Pho Thai Hoa Restaurant


Pho Thai Hoa Restaurant, a Vietnamese restaurant located on Kingsway between Knight Street and Victoria Drive, was where I had lunch one Sunday afternoon.



“Service” is not a concept that Pho Thai Hoa comprehends. When I entered, I announced to one of the two ladies sitting at the table by the front counter that I was eating in. The two ladies were preparing some vegetables at their table, while a younger man was assisting another customer at the front counter.

One of the ladies told me to sit anywhere. I sat at a table. And I was ignored – for a few minutes – until the young man was done with his customer. He grabbed a menu from a small pile at a central table and gave it to me. (You can see the central table in the photo above, the one with a menu or two on there.)


The good thing was the TV was already on an NFL game on CBS, something that you can’t even take for granted at a Western establishment. (Are you taking notes, Pizza Hut?) The sound was on, so for a while I could hear the announcers broadcast the game. (That changed later when more diners came in and talked loudly to block the broadcast out.)

Anyway, as for the food, the pictures on the menu sometimes can be confusing. The Grilled Marinated Beef skewer, for example, was C$3.00 for one stick, not C$3.00 for three sticks. That makes sense, but the picture on the menu made it confusing, showing three sticks and the price of three dollars.

Anyway, I ordered just the one stick.


I also had the Com bo luc lac, which was their shaking beef with garlic sauce on rice (C$18.00).



And here’s another example of what I meant by the confusing menu. I didn’t see anywhere on there that soup came with the rice. So, I was quite surprised when the young man brought soup with the meal. I didn’t know if this was part of the rice or if it was a complimentary item. No idea.

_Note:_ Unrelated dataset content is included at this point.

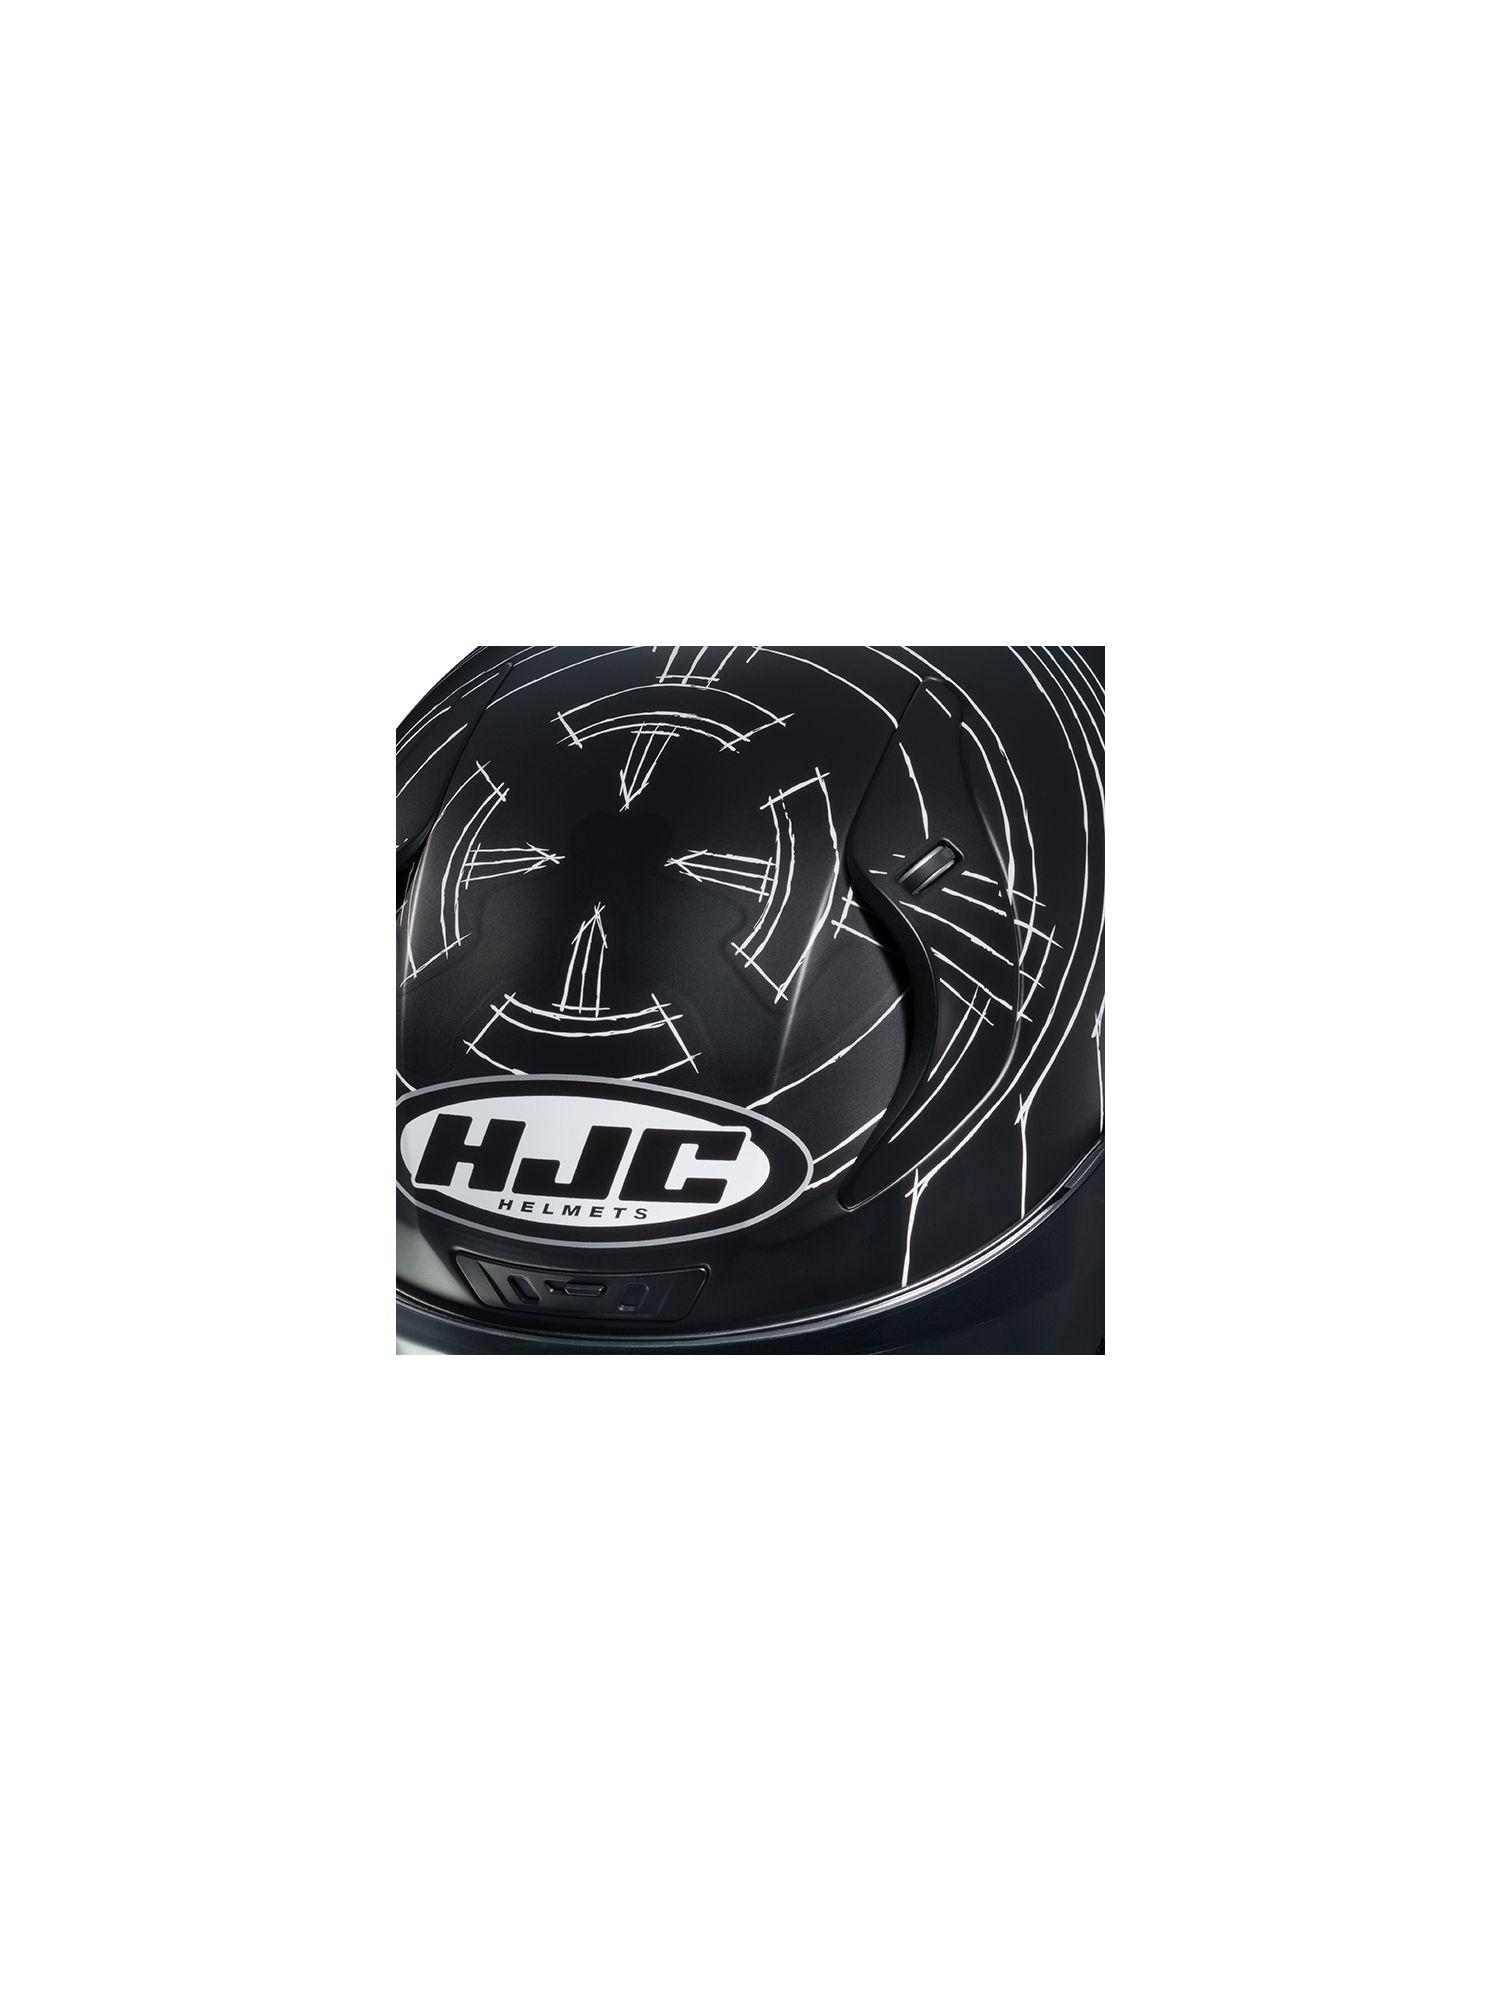 HJH148 | RPHA 11 イアンノーネ 29 レプリカ ブラック[1color]

Overall, the best thing about this place? For me, the sports on their TV was the best thing. I’m not being sarcastic. There was no service to speak of. The beef on rice dish was pricey. Several bites of the beef on the rice were chewy. There was no wifi. Need I go on?

And, also, they didn’t take credit cards; it was cash and debit only. And oh, finally, when I picked up one of their business cards at the front when I was paying, I saw they had two locations but one of them was crossed out (the way some prices were crossed out on the menu).

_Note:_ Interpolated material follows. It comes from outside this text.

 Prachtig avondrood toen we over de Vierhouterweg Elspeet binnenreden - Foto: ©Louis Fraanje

Would I recommend Pho Thai Hoa? No. There are other restaurants and food places to check out on Kingsway. So, for me, this is likely a one-and-done establishment.


Where: Pho Thai Hoa Restaurant, 1625 Kingsway, Vancouver, BC, Canada  V5N 2S2


Sun Bo Kong Vegetarian Restaurant

(This was originally posted on my other food blog, “Let’s Eat Out Once A Week.”)

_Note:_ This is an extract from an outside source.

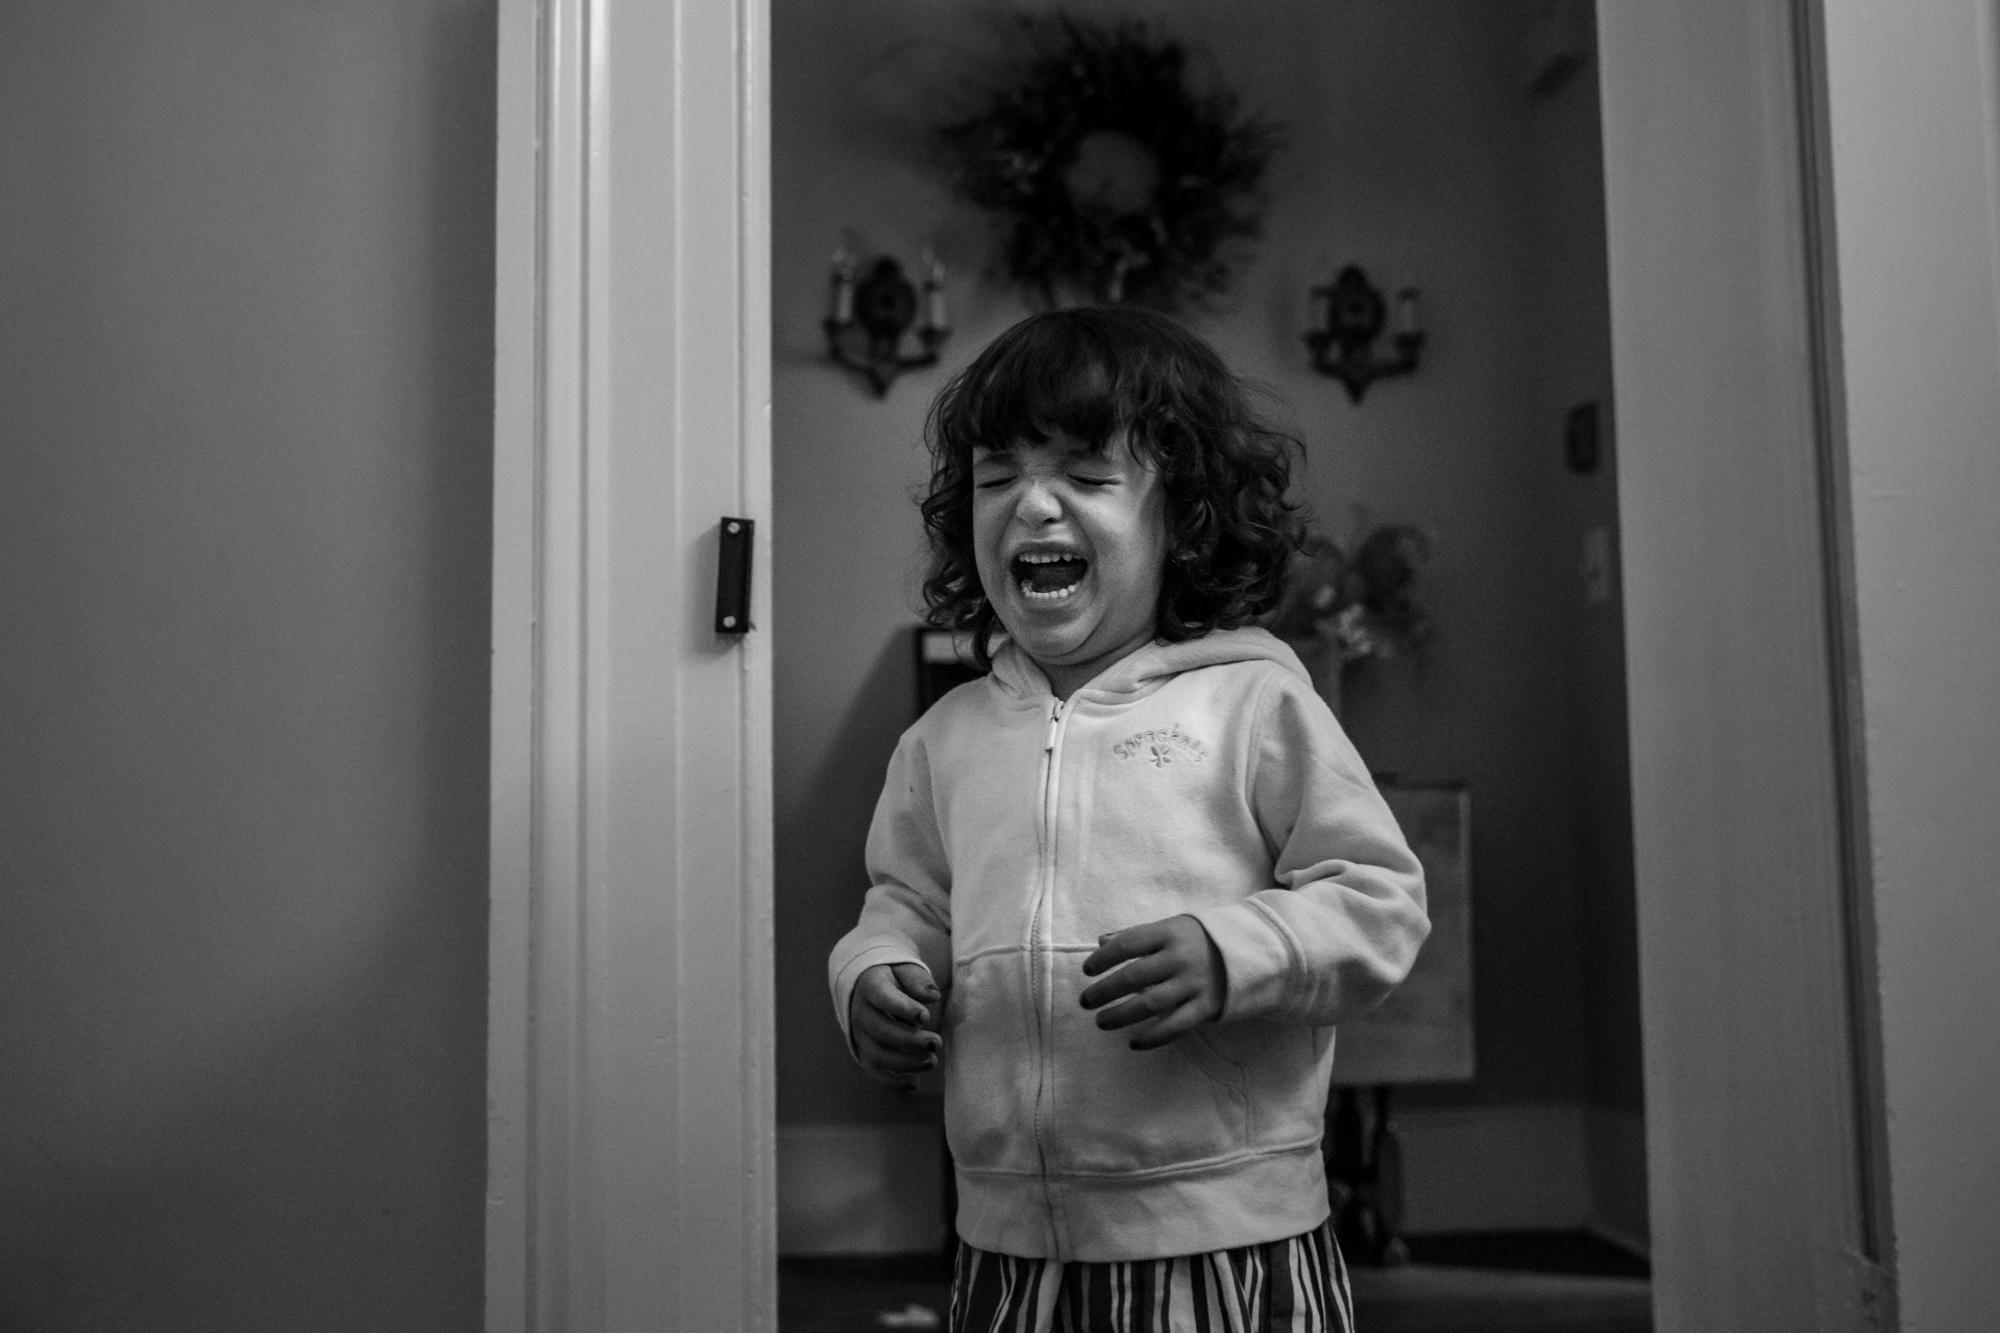 Girl cries in doorway

Small Wonton Noodle in Soup – C$5.50

My friend P., who’s from Singapore, only likes Asian food and doesn’t really want to try any other types of cuisine. Plus, she’s also vegetarian, which really limits the food choices when we meet up. Nonetheless, as a friend, I fully support her preferences/choices and go along with what she decides. (I even told P. that to her face, that it was difficult to come to some sort of consensus but I would support what she decided.)

On this particular Thursday in July, we met up downtown because she had some errands to run there in the morning. The tricky part was that she gave her phone to her kids (who are taking summer school), so having to meet up when she was not reachable could have been problematic. Anyway, I showed up early and there was no problems in that regard.


Chili & Pepper Tofu – C$5.99

The problem occurred when P. felt that there was nothing interesting to check out downtown, in terms of food, because again, she doesn’t care for non-Asian food. We finally decided to go to Kingsway in East Vancouver to try a Chinese vegetarian restaurant. This one was called Sun Bo Kong Vegetarian Restaurant (at 1363 Kingsway, or Kingsway and Knight).


Stir Fried Turnip Cake with XO Sauce – C$5.99

We ended up sharing a few dishes – and here was when P.’s Asian ways and mine were different, which apparently shocked her. I insisted I didn’t need rice (a bowl of rice cost C$1.50, I think) but she was wondering out loud how on earth I could enjoy the dishes without rice. Anyway, I didn’t want rice so I didn’t get that.


Sauteed Noodle with Shredded Vegetables (top) and Panfried Sticky Rice (bottom) – *I think they were C$6.99 each but I can’t remember for sure

The service was great – P. had many questions about the dishes and the waiter and waitresses that served us were all very pleasant in answering her (in Cantonese). They even brought out different types of chili sauces because P. wanted to try them all. The food, meanwhile, was awesome. I mean, I’d rather eat meat dishes but I liked everything we ordered.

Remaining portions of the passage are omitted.